Consigli dello Chef Peppe Guida per una Risottatura Perfetta
- Scegliere la pasta giusta: “Per un ottimo piatto di pasta serve una pasta eccellente. Semola di grande pregio, trafilatura al bronzo ed essiccazione lenta; una pasta che rilasci l’amido nella giusta quantità e quando è necessario."
- Bilanciare il condimento: Esistono tantissimi formati di pasta: possono essere lunghi o corti, bucati oppure no, lisci o rigati, spessi o sottili; in ogni caso, si devono bilanciare bene con gli ingredienti che lo accompagnano.
- I tempi durante la risottatura: Un errore che spesso rovina un buon piatto di pasta è non calcolare bene i tempi di cottura in padella durante la fase di risottatura. “Gli spaghetti o i vermicelli - dice lo chef - li cuocio nell’acqua bollente solo per i primissimi minuti e poi faccio finire direttamente nella padella con il condimento aggiungendo, gradualmente, l'acqua di cottura proprio come si fa per un risotto”

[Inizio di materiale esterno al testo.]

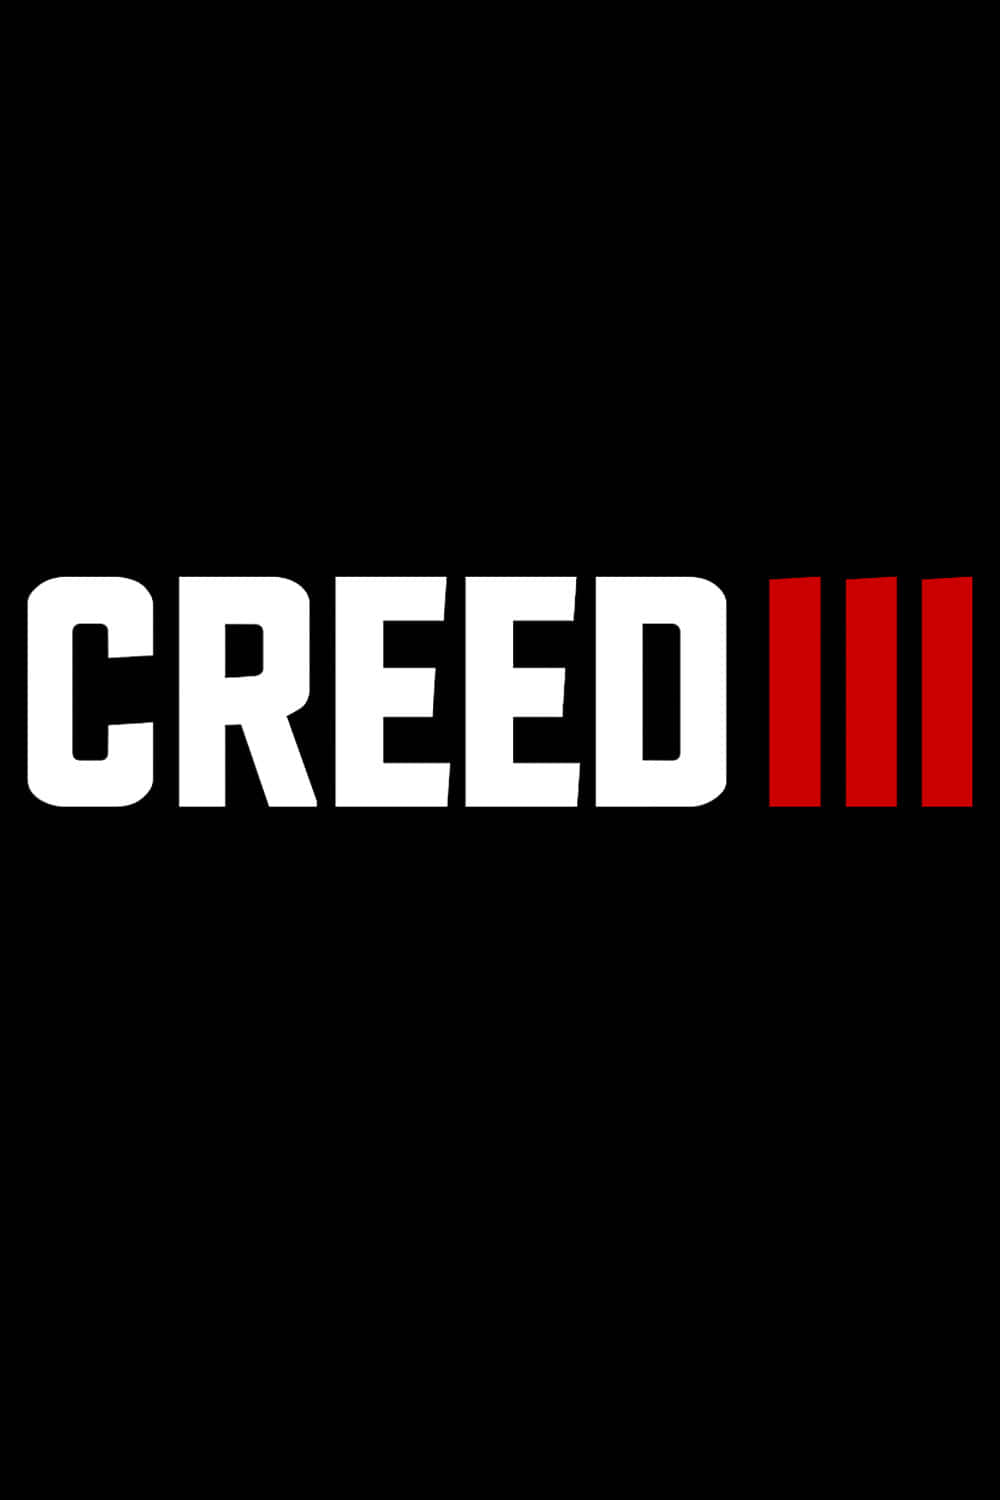 Creed 3 Wallpaper

One Pot Pasta: Una Variante Americana
Questa ricetta americana, spesso al centro dei dibattiti gastronomici, si avvicina molto all'idea di pasta risottata: la pasta viene messa cruda in una padella abbastanza alta e ricoperta a filo con acqua fredda. Si aggiungono poi olio, sale, basilico, cipolla affettata e pomodorini e si cuoce tutto a fuoco alto per 5 minuti con il coperchio. Trascorso questo tempo si continua la cottura, ma questa volta senza coperchio, mescolando di continuo per amalgamare tutti i sapori.